PnV 5' UTR Displays IRES Activity in Sf21 Cells
[0057] The Sf21 (or Sf9) insect cells were cultured in TNM-FH
medium containing 8% heat-inactivated FBS until the cultures
approximately formed a confluent monolayer. The monolayer cells
were then infected with the purified vAcD-Crir-E or vAcD-Pnir-E
virus. The promoter (P.sub.PH) of these two virus genome drove a
transcription mechanism to produce a single RNA product encoding
the DsRed gene, the CrPV IGR-IRES or the PnV-5'UTR, and the EGFP
gene therein in the infected Sf21 cells.
[0058] In the first embodiment, a Northern blot assay was performed
to determine the size of the single RNA product by using a RNA
probe specific to the EGFP gene within the vAcD-Pnir-E virus
genome. For the Northern blot assay, the Sf9 insect cells were
first infected with or without the vAcD-Pnir-E recombinant virus.

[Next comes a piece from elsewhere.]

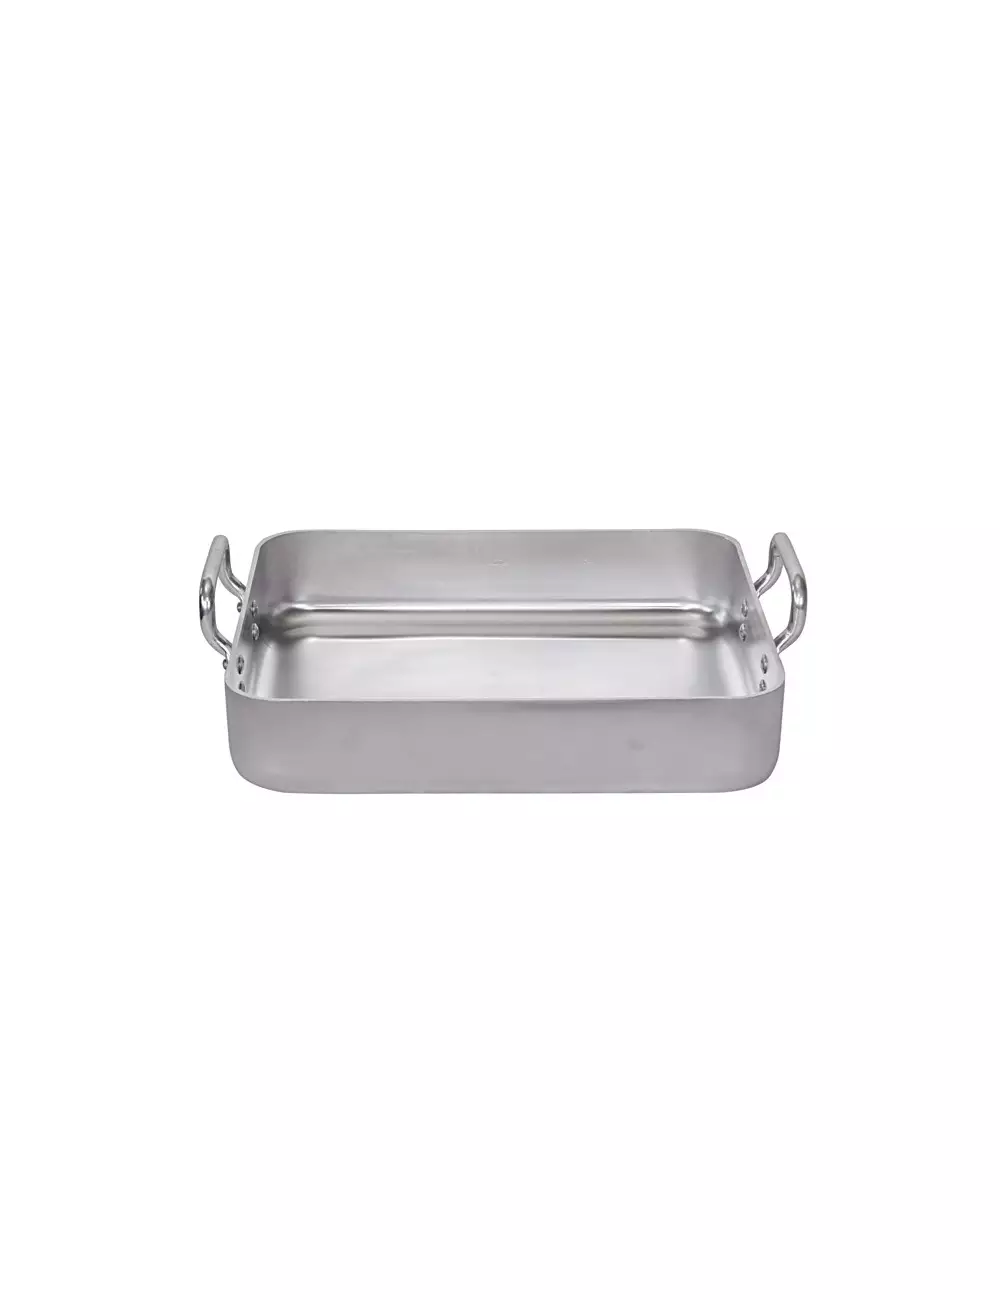  NYHI Silver Aluminum Rectangular Baking Pan, Set of 4, Even  Heat Distribution, Ideal for Table Chafing, Baking, Roasting, Broiling,  Picnics, Tailgates, Catering and Commercial Use: Home & Kitchen

On Day 7 after infection, the total RNAs were then extracted from
the infected and uninfected Sf9 insect cells according the standard
ENA extraction method well known in the art.
[0059] For preparing the RNA probe specific to EGFP gene, a EGFP
DNA fragment (366 bps) was obtained from the pBacDpnirE plasmid by
PCR using a forward primer EGFP-F (5'-ACGAC TTCTT CMGT CCGCC-3')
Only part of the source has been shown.